Tampa Bay Times Editorial Board
February 28, 2014 3:00pm

tinmanforwebThis time four years ago Rick Scott was a stranger to Floridians. Then he spent $73 million on his first political campaign and rode an angry voter wave to the Governor’s Mansion. For Florida, this has been a hostile takeover by the former CEO of the nation’s largest hospital chain. In three years Scott has done more harm than any modern governor, from voting rights to privacy rights, public schools to higher education, environmental protection to health care. One more legislative session and a $100 million re-election campaign will not undo the damage.
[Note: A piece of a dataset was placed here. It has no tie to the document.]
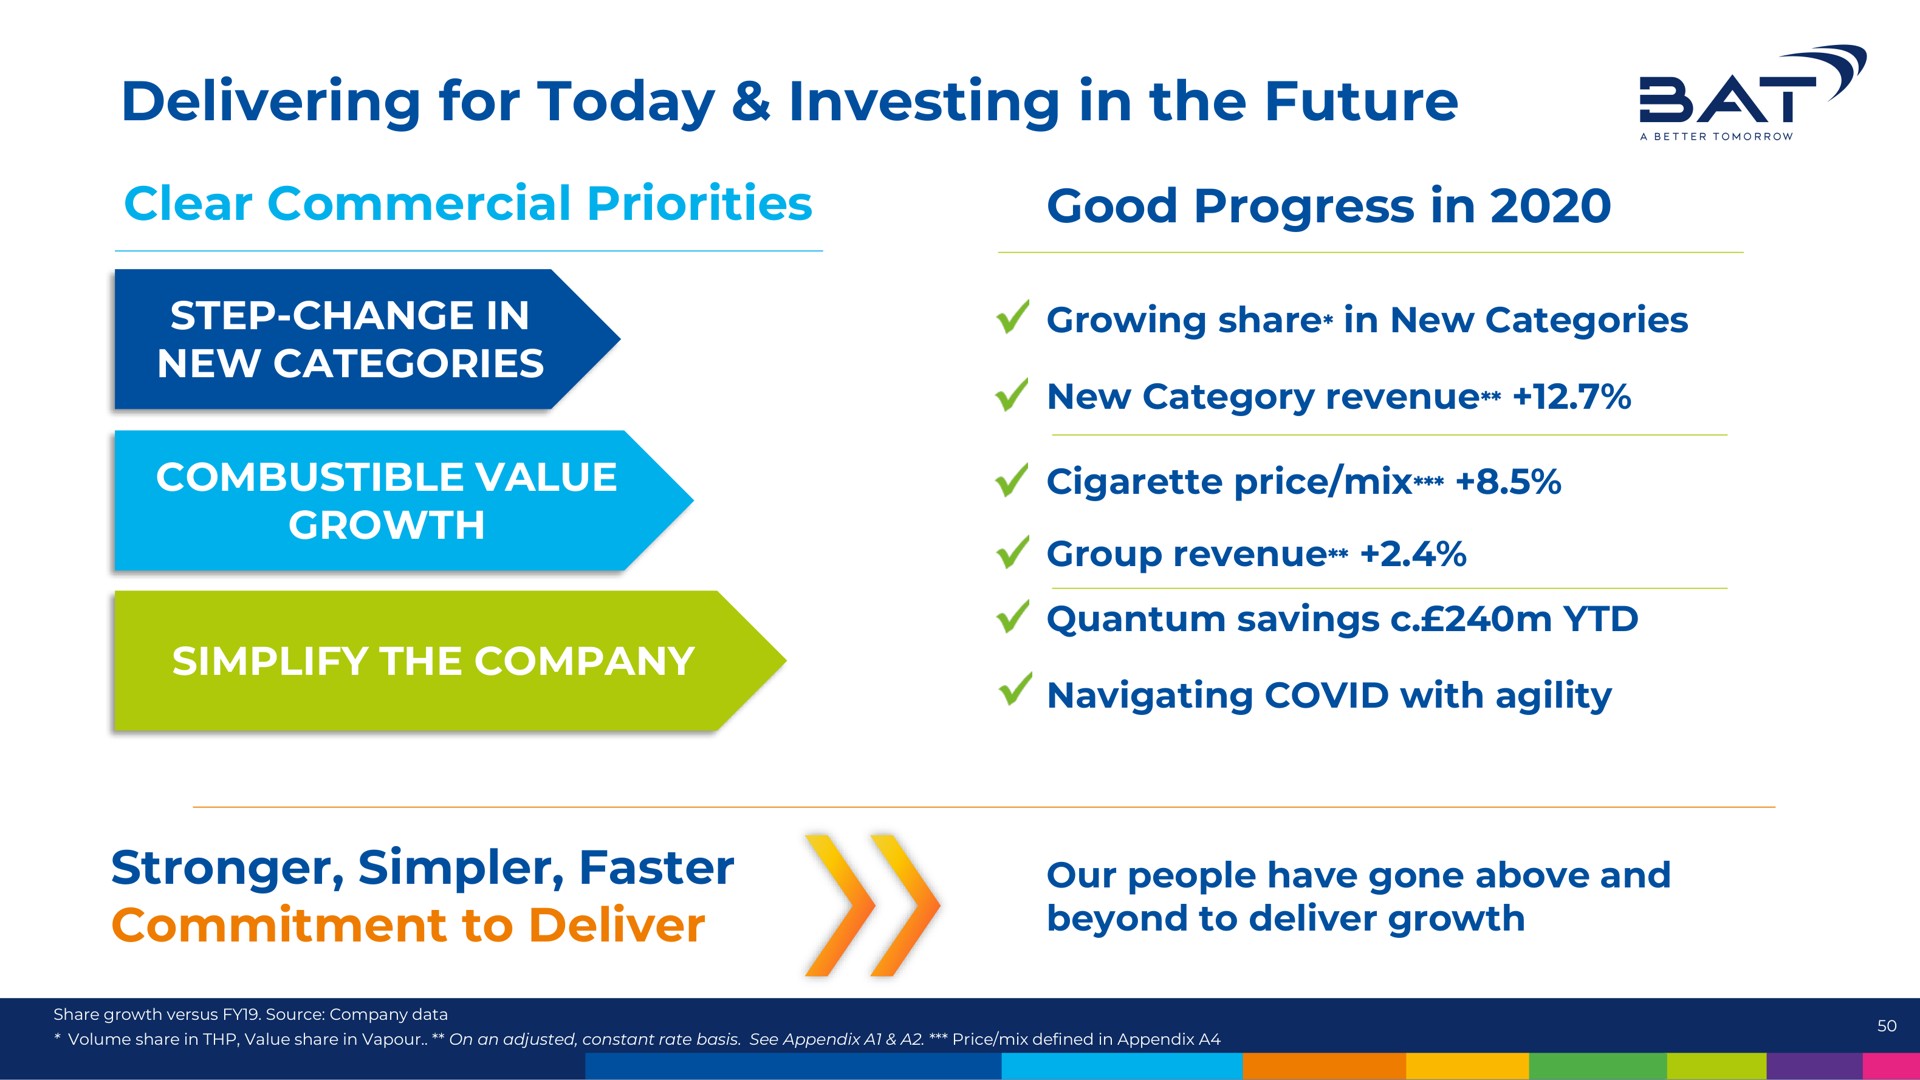 delivering for today investing in the future at commitment to deliver beyond to deliver growth | BAT

This is the tin man as governor, a chief executive who shows no heartfelt connection to the state, appreciation for its values or compassion for its residents. Duke Energy is charging its electric customers billions for nuclear plants that were botched or never built. Homeowners are being pushed out of the state-run Citizens Property Insurance Corp. and into private insurers with higher premiums and no track records. Federal flood insurance rates are soaring so high that many property owners cannot afford the premiums but also cannot sell their homes. The governor sides with the electric utilities and property insurers. He criticizes the president rather than fellow Republicans in Congress for failing to fix the flood insurance fiasco they helped create.

In Scott’s Florida, it is harder for citizens to vote and for the jobless to collect unemployment. It is easier for renters to be evicted and for borrowers to be charged high interest rates on short-term loans. It is harder for patients to win claims against doctors who hurt them and for consumers to get fair treatment from car dealers who deceive them. It is easier for businesses to avoid paying taxes, building roads and repairing environmental damage.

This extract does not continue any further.